SahBabii Barnacles
Breath of the (motherfuckin’) wild
Date de sortie : 8 juillet 2020
, le 21 juillet 2020
Longtemps attendu comme le messie par les zélateurs du King Squid, Barnacles tombe à pic pour égayer un été des plus bizarres. Bonne nouvelle : la délicate étrangeté de SahBabii est toujours aussi réconfortante.
Shigeru Miyamoto raconte que The Legend of Zelda lui aurait été inspiré par les randonnées de son enfance dans la campagne de Sonobe, petite ville de la préfecture de Kyoto.
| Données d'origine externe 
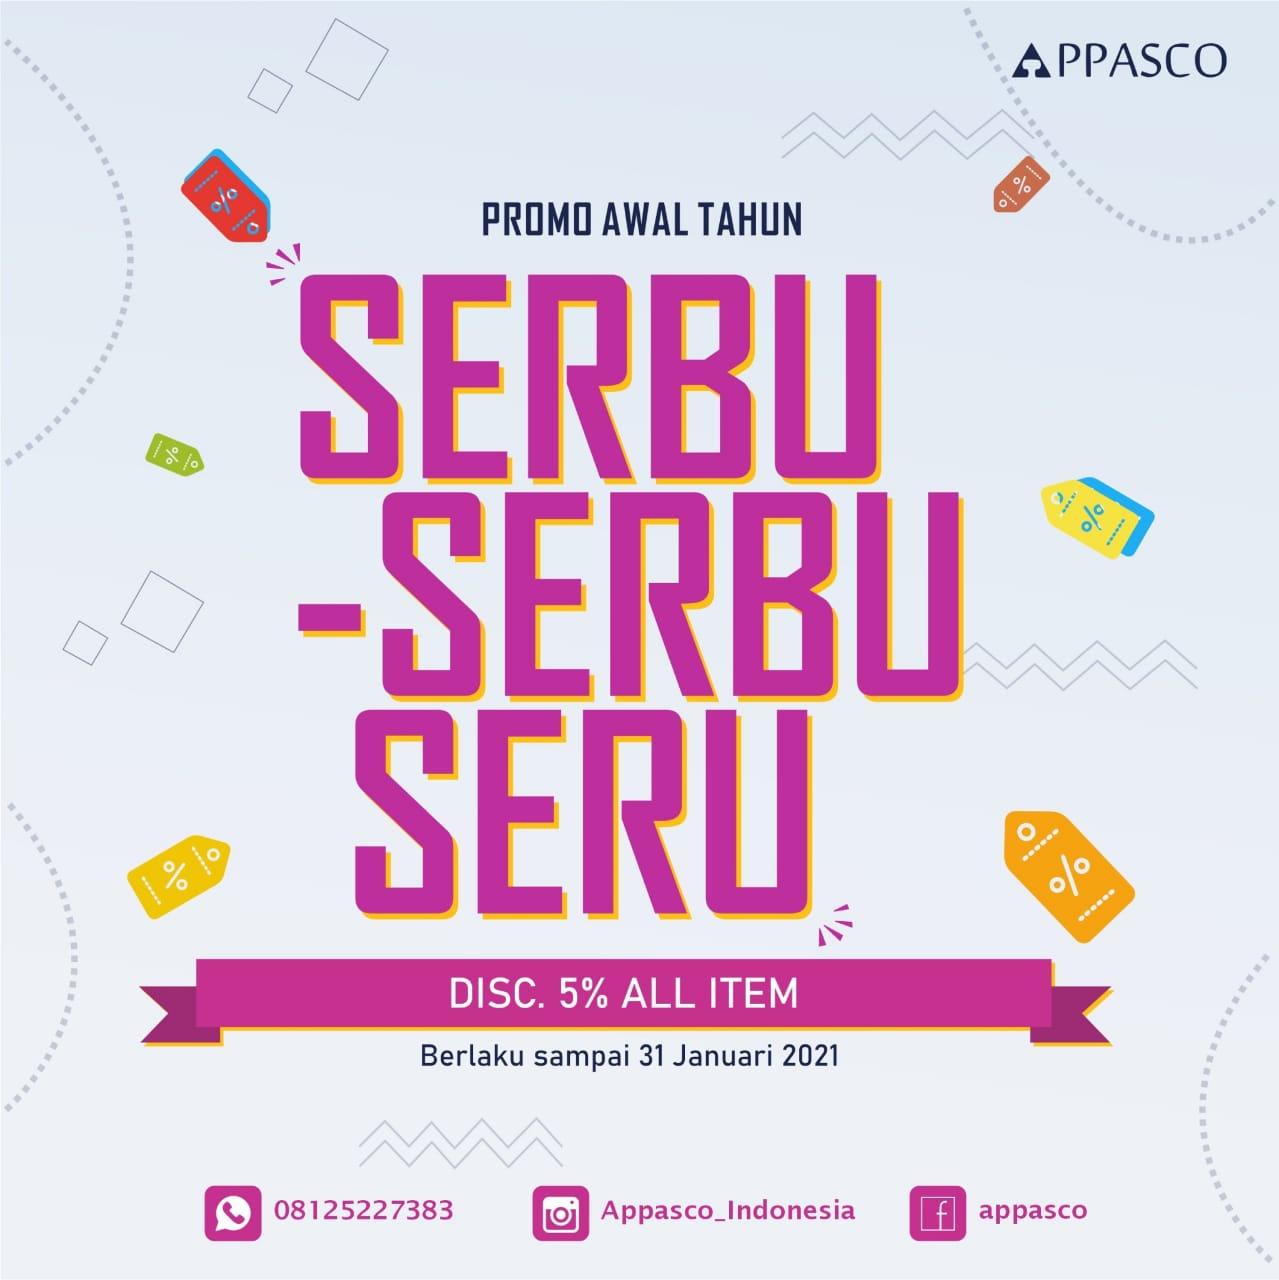 Promo Awal Tahun 2021 APPASCO

Un jour, il aurait grimpé un sentier de montagne, pour y découvrir un lac au sommet. Son émerveillement fut tel qu’il aurait décidé d’immortaliser cet instant dans un monde virtuel, comme « un jardin miniature que l’on pourrait garder dans son tiroir ».
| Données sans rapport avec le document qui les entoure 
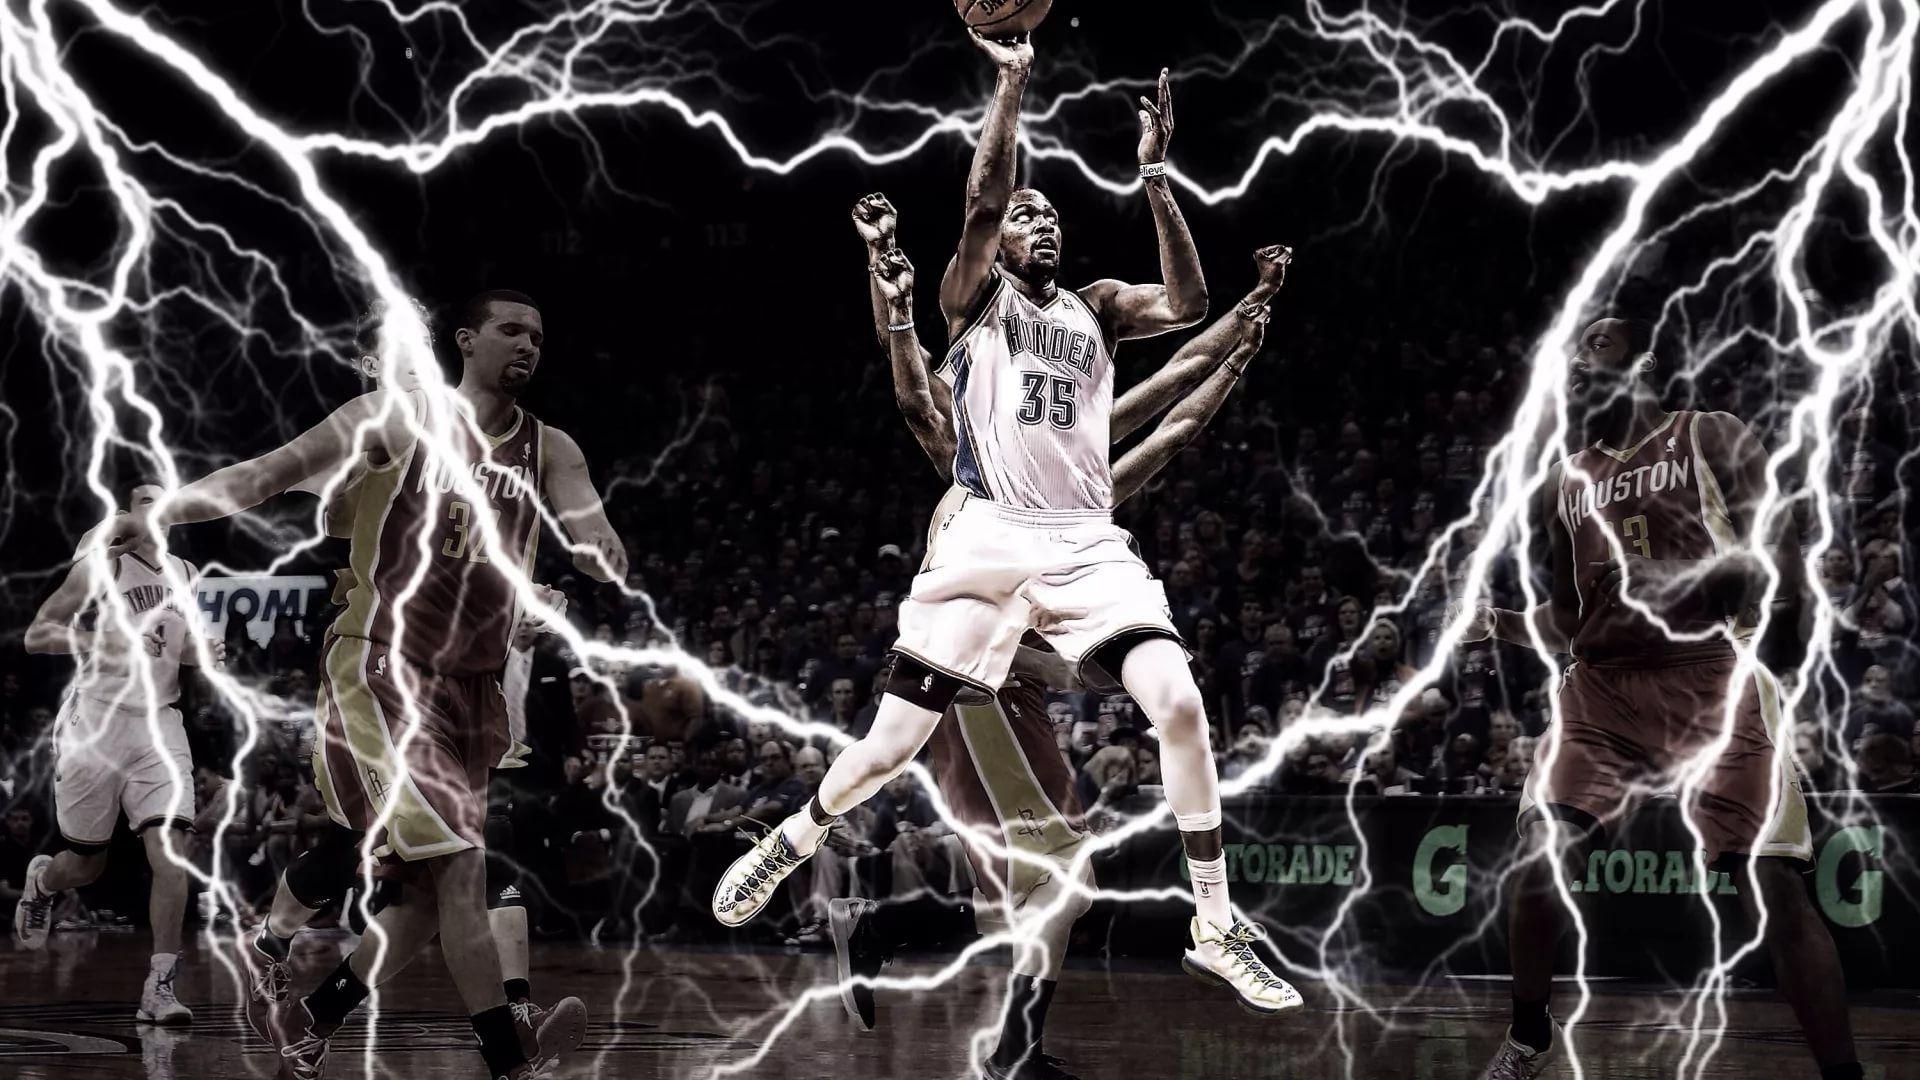 Nike Basketball Background Wallpaper HD

SahBabii a grandi à Chicago et à Atlanta. Le monde qui l’entoure n’a pas le charme enchanteur de la campagne de Kyoto, et il n’a probablement jamais connu en s’y promenant d’extase semblable à celle évoquée par Miyamoto. Pourtant sa musique, alors qu’elle ne parle que de fusillades et d’histoires de cul, donne souvent l’impression de puiser dans un réservoir d’expériences similaires. Ce contraste n’a rien d’un hasard. SahBabii a toujours affiché son goût pour la poésie des univers Nintendo : « dans "Mario Kart", il y a un circuit arc-en-ciel et un petit circuit sur la plage » expliquait-il « c’est dans cet état d’esprit que j’aime me plonger ».
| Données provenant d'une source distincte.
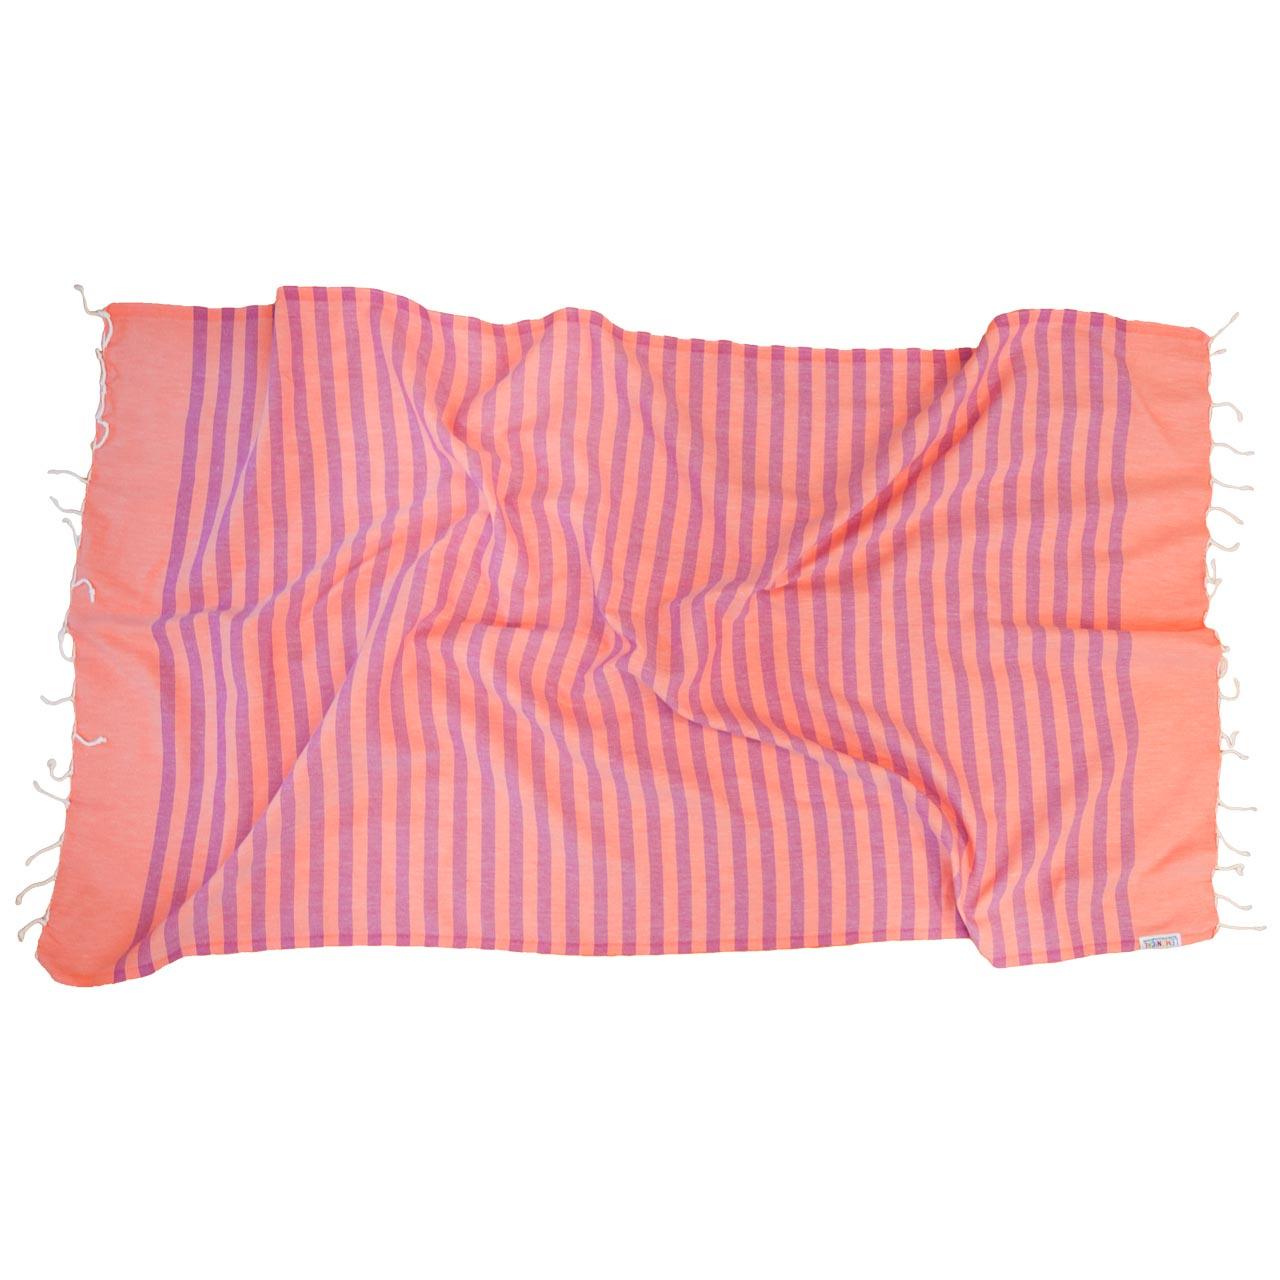 SUNSET MOJITO BEACH TOWEL

Barnacles est un album concept à sa façon : entièrement constitué de type beats collectés sur internet, quasiment dépourvu de featuring, il est pour ainsi dire dépouillé du poids du monde extérieur. Comme une bulle de bien-être que SahBabii aurait simplement rempli de tout ce qui le rend heureux : la musique Zen, le lofi hip-hop de Nujabes (il en est fan) et les bandes-son de jeux vidéos - on entraperçoit l’acid jazz de Persona (« Popping Shit »), les nappes cristallines de Final Fantasy (« Geico »), ou les ambiances pastorales de Zelda (« Purple Umbrella ») [edit : le sample est en fait issu de la BO de Chrono Cross]... Le tout ressemble parfois à une version fun, moins prétentieuse, et beaucoup plus sensuelle, des expérimentations ambient hip hop de Lil B sur Rain in England.
La dimension musique d’ascenseur (ou easy listening pour rester poli) de Barnacles, parfait complément d’une partie de Fortnite, laissera peut-être de marbre ceux qui n’y verront qu’un ersatz de Wunna encore plus mou. Les autres - ceux qui ont ouvert leur troisième œil ou qui aiment simplement flâner sur les lofi radios - se délecteront de ce vide fertile, pour vagabonder en pensée dans les grandes étendues d’une nature érotique et comique tout droit sortie de DeviantArt.
Brian Eno, père de l’ambient, dit qu’il aime : « faire de la musique comme s’il s’agissait d’un lieu à visiter [...] un champ dans lequel on se peut se promener de manière acoustique ». On ne saurait mieux définir la musique de SahBabii. C’est un lieu à visiter : un lac au sommet d’une montagne, ou un jardin miniature à emporter dans sa poche.